This is how CSIOP defines I-O

The Canadian Society for Industrial and Organizational Psychology (CSIOP) is an organization whose mission is to further the welfare of people by: (a) helping organizations effectively manage their human resources, (b) scientifically investigating human behaviour and cognition at work, and (c) helping individuals realize their work goals, including helping them to maximize job satisfaction and productivity and minimize work stress.” Not a bad definition, all things considered. It’s not terribly concrete, though.

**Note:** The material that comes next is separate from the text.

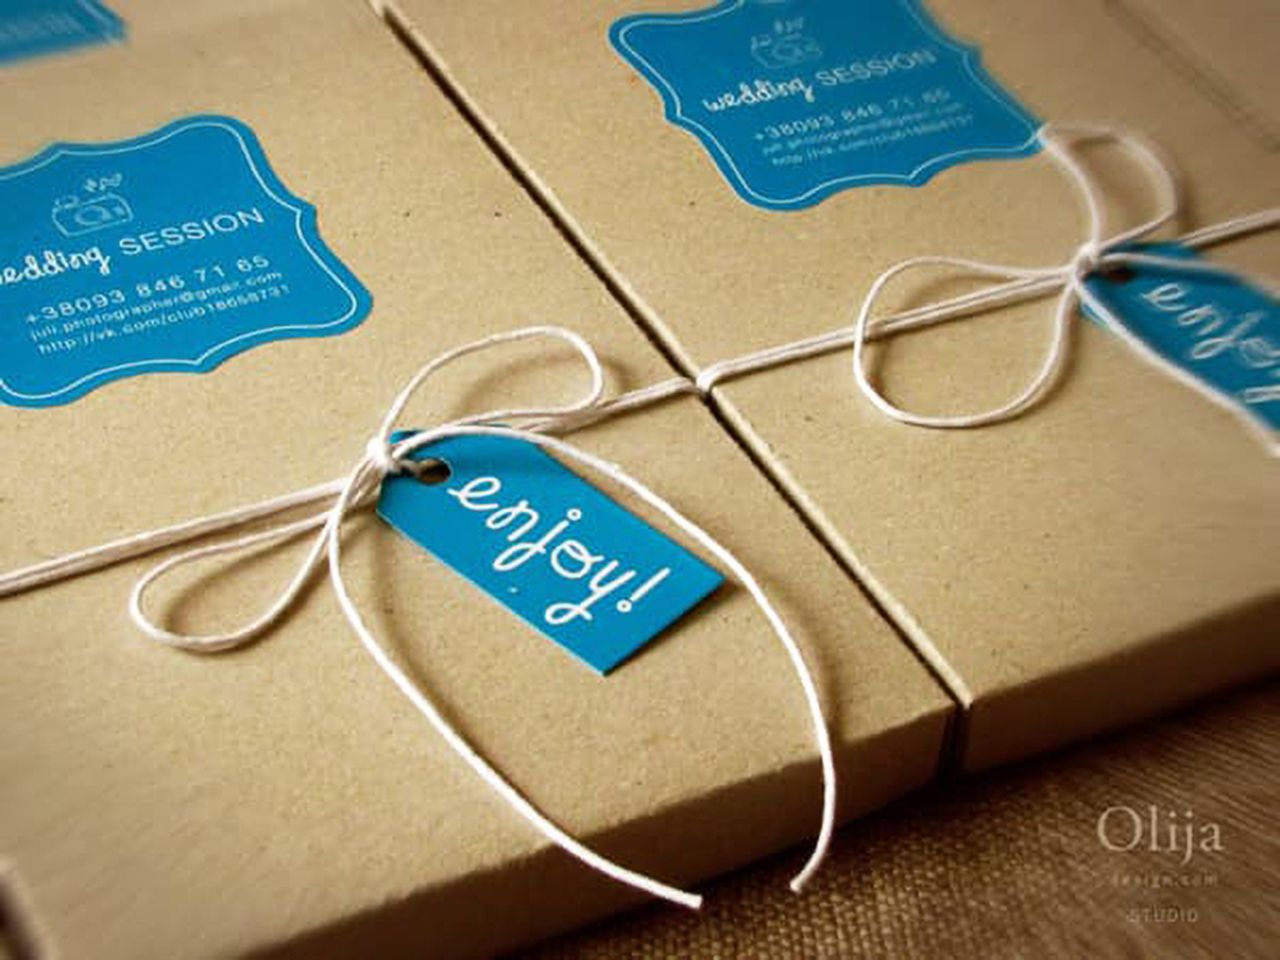 Simple 'enjoy' hang tag attached to product packaging as one of the hang tag examples.

Sectors I-O psychologists work

When it comes to career paths, I-O is not short on options. They include: Academia (colleges, universities) Consulting Industry (for-profit and not-for- profit) Government (public servants) Hybrids of the above (e.g., research institutes, think-tanks, health-care) That pretty much covers everywhere a human works. And if you refer back to CSIOP’s description on the left, that pretty much covers everything humans do at work. So, basically, I-O psychologists study and influence the thoughts, feelings, and behaviours of humans at work. In terms of career advice, this is about as useful as a fortune cookie. (Actually, SIOP does have more detailed resources that can aid in identifying and planning possible I-O career paths. )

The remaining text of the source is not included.